右からふたつ目の巣板という石の細部です。

P8305821.jpg

 通称「蓮華」なんて粋な呼ばれ方もします。

 さて、手鉋で逆目を完全に止めて削った結果は、

文机の工程ー013.jpg

 逆光の光を反射するほど。ここまで出来るようになったおかげで、今回のようなじゃじゃ馬の材も選択肢に入れられるようになったのですね~。

 kuni、まだ進歩してます。

文机の工程ー014.jpg

 バリバリの髄線、職人はこれを「虎斑」(とらふ)なんて言ったりします。(帝国ホテルの設計で有名だった、フランクロイドライトはこの「虎斑」が大好きで彼の設計した家具にはさかんに使われています。)

 

 この面を基準として自動送り鉋盤で厚みを決めてやっと材料の段取りが出来ました。

文机の工程ー015.jpg

 接ぎ口を作って、

文机の工程ー016.jpg

 仮締め。かなりの精度です!

文机の工程ー017.jpg

 左右に均等に色の濃い部分を配置できました。こういうところが、同じ丸太から製材された、揃いの板を使えることの、すばらしい効果なんです!

 さあ、接着です。

文机の工程ー018.jpg

 水浸しでジャブジャブ洗って、、、。3時間後。

文机の工程ー019.jpg

 接ぎ口の誤差を触ってみると、0,1ミリないですよ!すご!

ここまでの精度で接ぎが出来たのは、

                最高記録かも!?

 さて、ここまではなかなかいい感じですけど、この後の組み手が、、、。10数年ぶりですからねー、、、。

 え!?そうなのって!?  そうなんです。

 うーーーーん。 

       続く!

 


蟻組みの工程ー001.jpg

 接ぎが終わり、もう一度ある程度の平面に鉋がけをし終わって、三つの部品に切り分けました。足が二枚に天板です。

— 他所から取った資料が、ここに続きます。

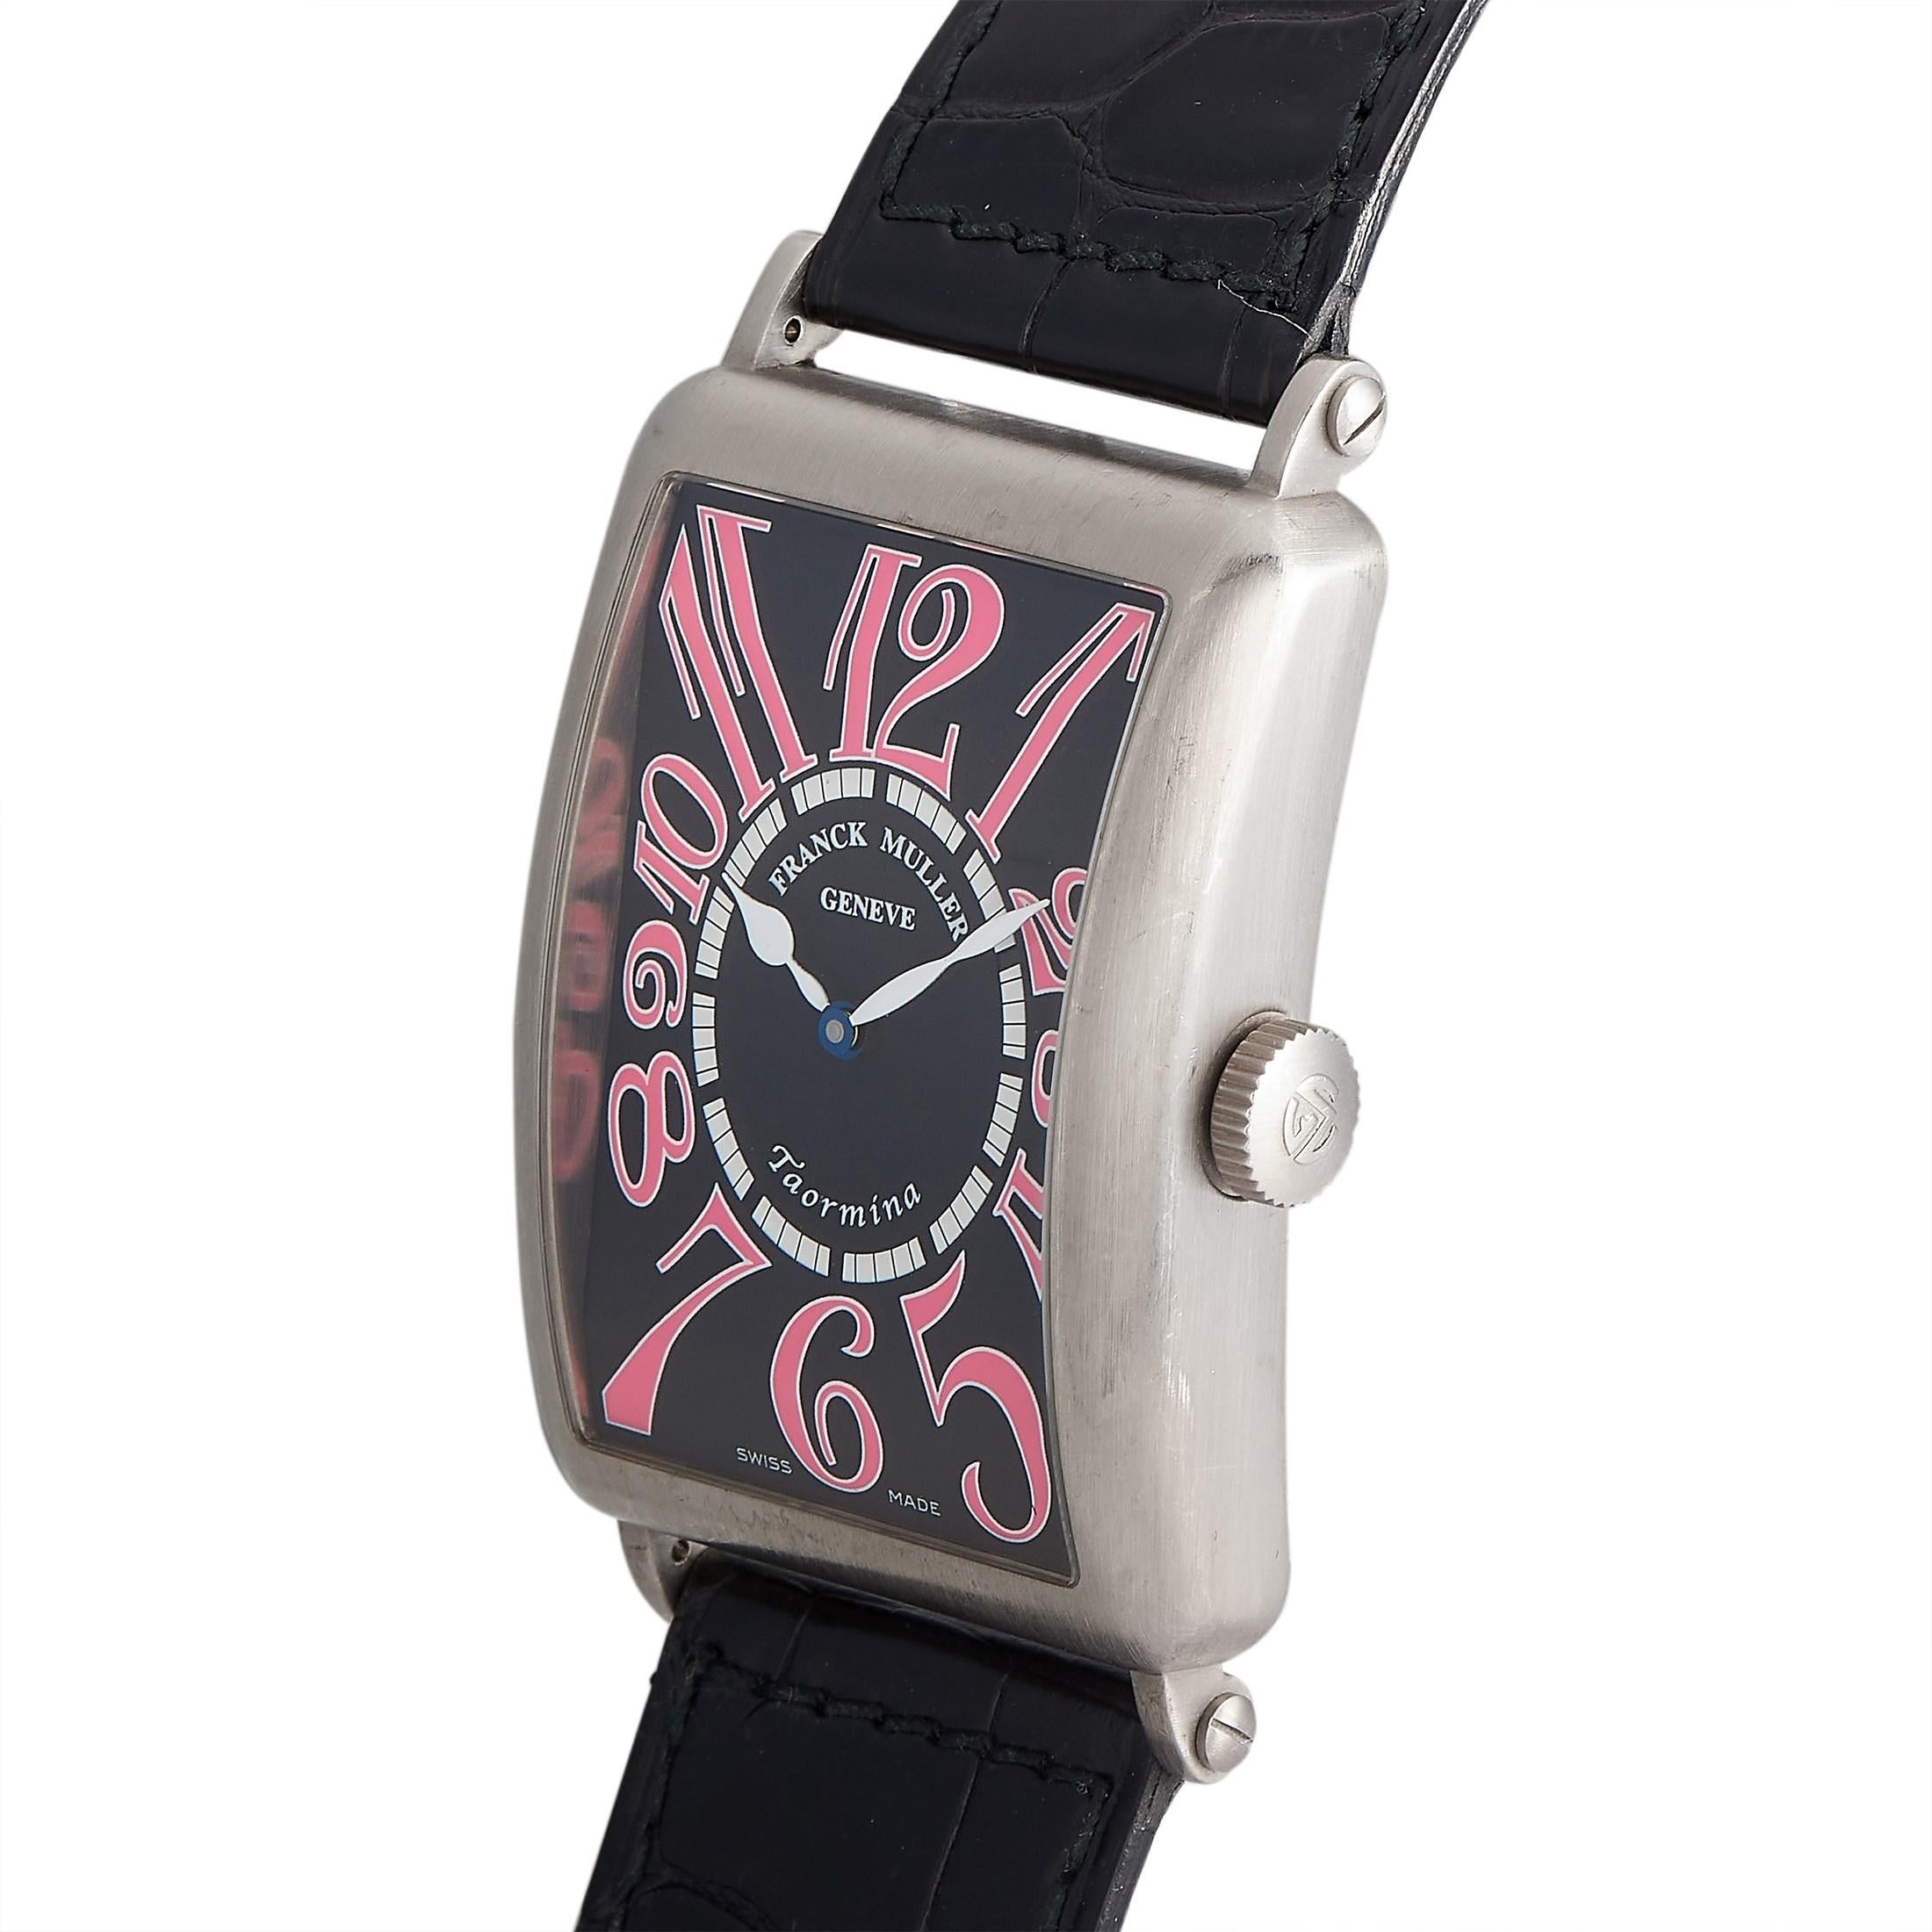 The Franck Muller Long Island Watch, reference number 1200, pays tribute to the iconic Art Deco movement.  

This timepiece boasts a dynamic design that begins with the 33mm rectangular case made from 18K White Gold. On the bold black dial, you’ll

 さぁて、皆さんこんな工程、生まれて初めて見るんじゃないでしょうか!?

蟻組みの工程ー002.jpg

 蟻組みって、台形の凹凸が組み合わさって物理的に抜けにくい組み手をいいます。鉛筆で墨をしたら、

蟻組みの工程ー003.jpg

 鋸を使って、ぎりぎりまでとことん攻めます。ここからの仕上げ代は0.1ミリほどでしょうか?

蟻組みの工程ー004.jpg

 それをノミで仕上げてゆきます。

蟻組みの工程ー005.jpg

 そうして出来た足の組み手を、正確な位置に仮固定して、天板側に小刀で線を引いてゆきます。ここではもう鉛筆の線では太くてダメ。

 寄って見ると、こんな感じ、

蟻組みの工程ー006.jpg

 そして、この線を頼りに、今度は治具を使って手鋸で挽いてゆきます。

蟻組みの工程ー007.jpg

 ほんとは、機械を使いたいところですが、80センチ×120センチの天板を機械の上に立てて加工するのは危ないので、この場合は手鋸にしました。

蟻組みの工程ー008.jpg

 この後、ハンドルーターという機械で、蟻組みの工程ー009.jpg

 またギリギリまで攻めて、

蟻組みの工程ー010.jpg

 入角をノミで仕上げて、オス、メスの組み手がおおよそ出来てくるわけです。

蟻組みの工程ー011.jpg

 こんな風に加工してるんですけど、こんなデッカイ板の端っこに0.1ミリ単位の加工をしてるって、自分でも笑っちゃいますね。

 さて、少しずつ組んでみて、

蟻組みの工程ー012.jpg

 きついところをノミで微調整し、また組んでみて、

蟻組みの工程ー013.jpg

 また、ノミで削りを何度も繰り返します。

蟻組みの工程ー014.jpg

 そうして、やっと仮組みまで来ましたよ!

蟻組みの工程ー015.jpg

 うーーーん、でも、精度がイマイチだなぁ、、、。

 しょうがないね、、、。十数年ぶりだもんね、、、。あの手、この手で妥協するしかないでしょう。

 これが、今のkuniのベストなんだから、、、。

 

 えいや!組み立てるぞ~!!!

蟻組みの工程ー016.jpg

 横方向にクランプで締めながら、最終的には、プレスも使って、

蟻組みの工程ー017.jpg

 縦方向にも圧力を。

 ここ、写真2枚しか撮れなかったけど、ほんとは、

ヒョエー 

うりゃー 

ゼーハーゼーハ なんですけどね、、、。忙しくって写真撮れなかったんです(笑)。

 

 どうにか、組み立てまで来ました!あとは、仕上げ削りと塗りですね!

 

 山は越しました

      よ!!!

 

 もうちょい続きます。


 さあ!完成しますよ!

 出稼ぎに行っている間に組み立て終わった文机は接着剤の水分も飛んで、ほど良く乾燥していました。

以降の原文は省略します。